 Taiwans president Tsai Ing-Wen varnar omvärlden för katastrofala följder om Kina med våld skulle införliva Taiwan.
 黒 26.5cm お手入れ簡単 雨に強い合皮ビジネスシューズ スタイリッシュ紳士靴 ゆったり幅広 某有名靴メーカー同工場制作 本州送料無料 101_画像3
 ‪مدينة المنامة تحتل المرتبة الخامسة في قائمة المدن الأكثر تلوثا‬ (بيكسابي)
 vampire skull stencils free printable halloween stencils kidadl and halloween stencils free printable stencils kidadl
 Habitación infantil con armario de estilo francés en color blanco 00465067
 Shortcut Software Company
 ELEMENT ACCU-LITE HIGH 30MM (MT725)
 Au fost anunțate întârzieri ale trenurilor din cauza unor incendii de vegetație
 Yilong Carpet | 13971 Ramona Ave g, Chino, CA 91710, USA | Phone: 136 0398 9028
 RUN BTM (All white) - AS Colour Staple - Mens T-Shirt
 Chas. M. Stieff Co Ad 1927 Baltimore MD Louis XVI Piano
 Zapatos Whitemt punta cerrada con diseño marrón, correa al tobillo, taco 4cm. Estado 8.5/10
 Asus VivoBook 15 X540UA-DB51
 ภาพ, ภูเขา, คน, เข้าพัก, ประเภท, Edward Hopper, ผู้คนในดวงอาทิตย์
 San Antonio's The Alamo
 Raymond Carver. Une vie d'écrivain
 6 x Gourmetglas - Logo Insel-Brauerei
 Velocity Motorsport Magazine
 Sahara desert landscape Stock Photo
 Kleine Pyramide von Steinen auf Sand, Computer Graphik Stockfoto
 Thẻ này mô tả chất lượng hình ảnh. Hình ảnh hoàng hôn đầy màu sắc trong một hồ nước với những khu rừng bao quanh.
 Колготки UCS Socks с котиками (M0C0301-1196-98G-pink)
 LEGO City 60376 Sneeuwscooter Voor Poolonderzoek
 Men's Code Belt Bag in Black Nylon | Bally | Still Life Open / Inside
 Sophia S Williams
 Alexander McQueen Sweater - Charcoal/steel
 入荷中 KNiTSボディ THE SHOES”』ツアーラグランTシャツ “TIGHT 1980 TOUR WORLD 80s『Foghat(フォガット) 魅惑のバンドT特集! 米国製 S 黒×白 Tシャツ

** EXERCISE **
Using the line that contains "Zapatos Whitemt punta" as the first, reproduce each line exactly through the last line of the listing.

** TASK RESULT **
 Zapatos Whitemt punta cerrada con diseño marrón, correa al tobillo, taco 4cm. Estado 8.5/10
 Asus VivoBook 15 X540UA-DB51
 ภาพ, ภูเขา, คน, เข้าพัก, ประเภท, Edward Hopper, ผู้คนในดวงอาทิตย์
 San Antonio's The Alamo
 Raymond Carver. Une vie d'écrivain
 6 x Gourmetglas - Logo Insel-Brauerei
 Velocity Motorsport Magazine
 Sahara desert landscape Stock Photo
 Kleine Pyramide von Steinen auf Sand, Computer Graphik Stockfoto
 Thẻ này mô tả chất lượng hình ảnh. Hình ảnh hoàng hôn đầy màu sắc trong một hồ nước với những khu rừng bao quanh.
 Колготки UCS Socks с котиками (M0C0301-1196-98G-pink)
 LEGO City 60376 Sneeuwscooter Voor Poolonderzoek
 Men's Code Belt Bag in Black Nylon | Bally | Still Life Open / Inside
 Sophia S Williams
 Alexander McQueen Sweater - Charcoal/steel
 入荷中 KNiTSボディ THE SHOES”』ツアーラグランTシャツ “TIGHT 1980 TOUR WORLD 80s『Foghat(フォガット) 魅惑のバンドT特集! 米国製 S 黒×白 Tシャツ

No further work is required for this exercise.